Before working with Antonia, I was stuck in fear and survival mode. I was so hung up on losing weight to feel worthy of life, I punished myself daily through my thoughts as well as through diet and exercise plans I hated. I’d tried everything to “fix” myself: regular talk therapy, somatic therapy, meditation, nutritionists, fitness coaching, self-love coaching, emotional intelligence coaching, spiritual ascension, yoga teacher trainings, essential oils, traditional Chinese medicine, Ayurveda, gratitude journaling… everything. Nothing was working—and I blamed myself for it. Hiring Antonia was a last ditch effort, and I was afraid I’d mess up our work too through what I perceived to be my inconsistency, resistance, and lack of discipline. I couldn’t have been more wrong.
In the safe, calm, compassionate space Antonia created, I was supported to realize I wasn’t lazy, I was just exhausted and hurting. I didn’t need more discipline, I needed permission to be gentle with myself. She helped me realize my resistance wasn’t an enemy to to be conquered, it was my body’s wisdom trying to speak to me. With Antonia, I learned to come home to my body and gently get in touch with the big emotions I was avoiding through my mindless hustling. Things like grief, rage, and fear. I unpacked my toxic capitalist conditioning around productivity and learned the importance of rest, as well as to “meet myself exactly where I am”, and that has been a breath of fresh air.
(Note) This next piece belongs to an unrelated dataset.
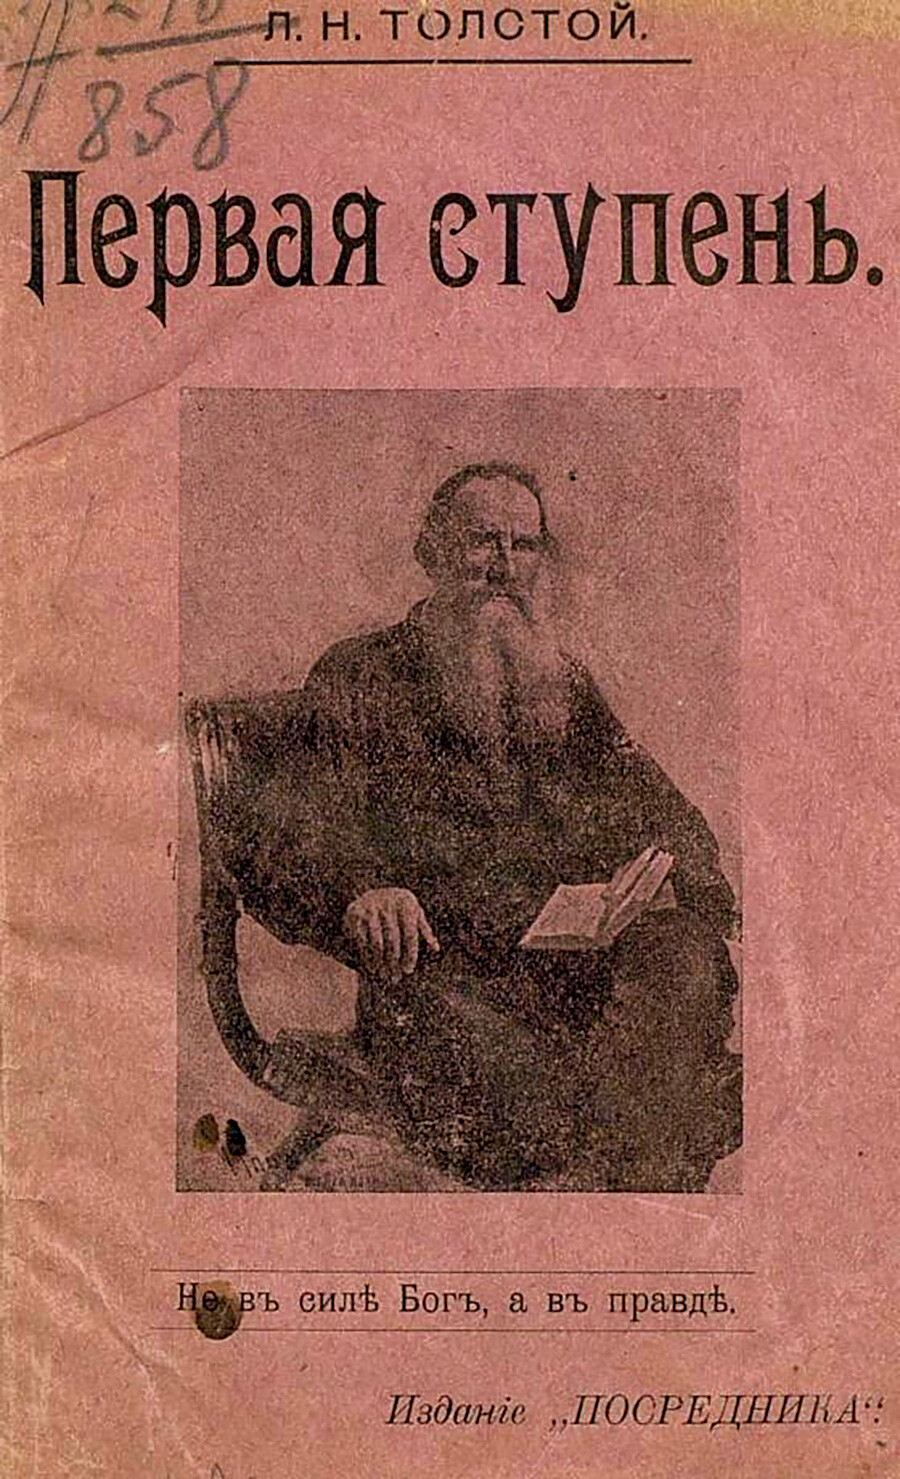 Couverture de La Première étape de Tolstoï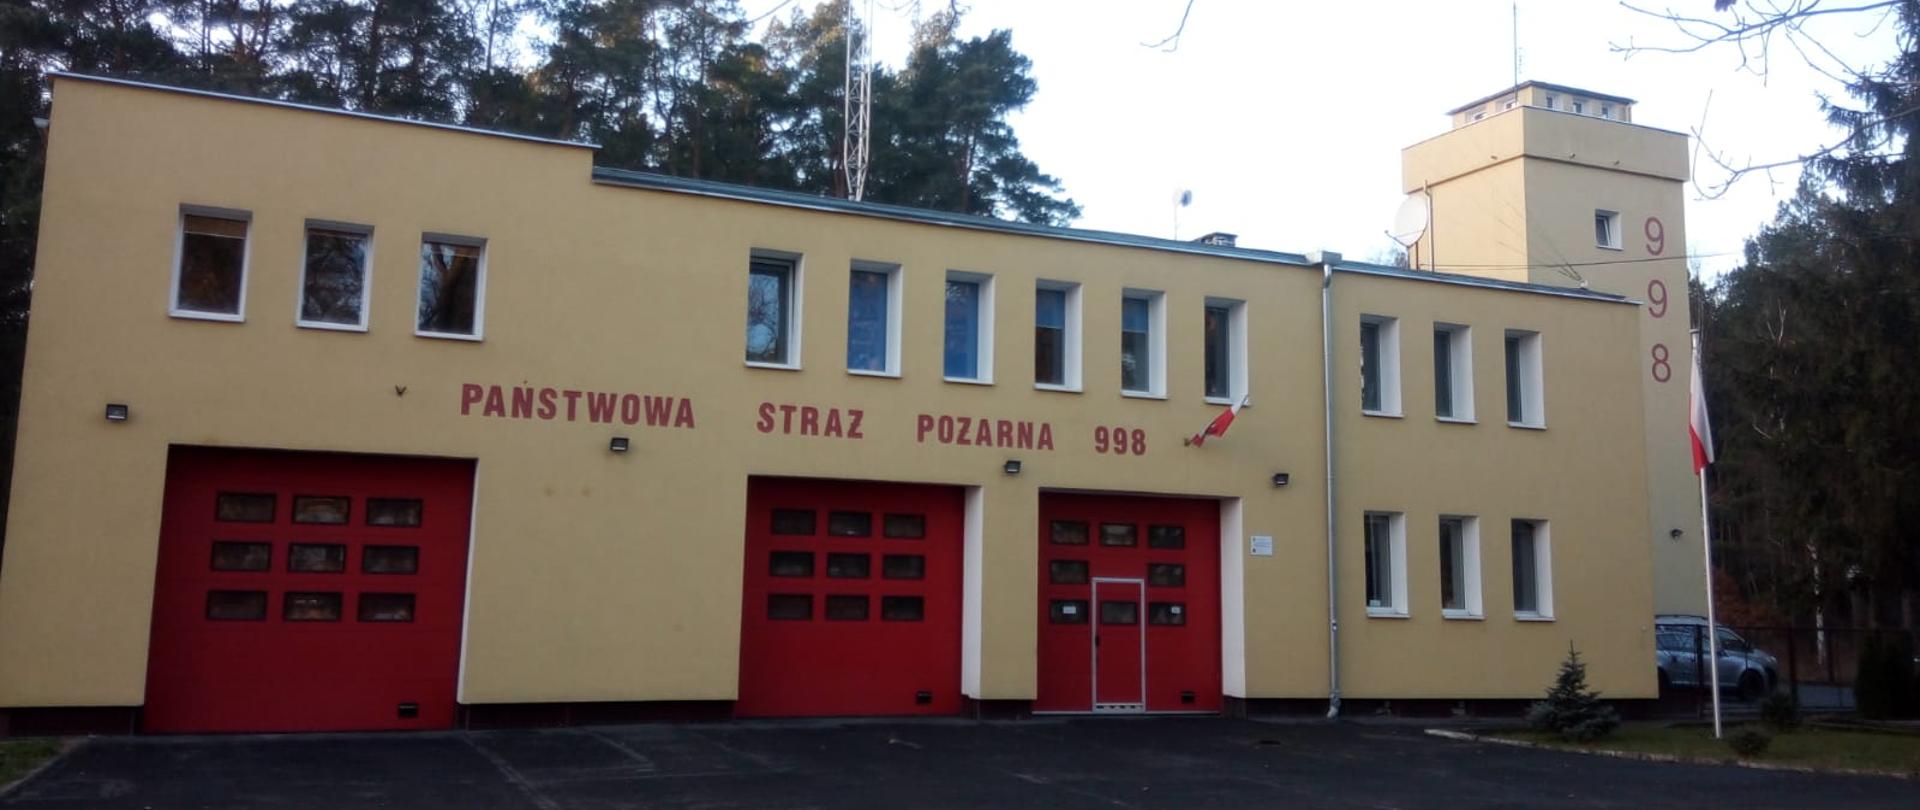 Budynek Jednostki Ratowniczo-Gaśniczej nr 4 w Bydgoszczy, elewacja frontowa.

The surprising result of slowing down and loving myself has been that I’m now making progress towards my goals completely organically. The destructive rage that I used to turn inwards on myself, I’ve learned to transform into healthy motivation to fuel the building of my business. I’m also no longer pursuing copied versions of other people’s success as a form of self-escapism, I’m creating success my way. Befriending my body has transformed exercise and food into a source of pleasure and joy instead of punishment and pain. And finally, I can now recognize when I’ve pushed myself to my limits of my nervous system’s capacity and have the tools to gently guide myself back into self-regulation, protecting me from burning out again in the future.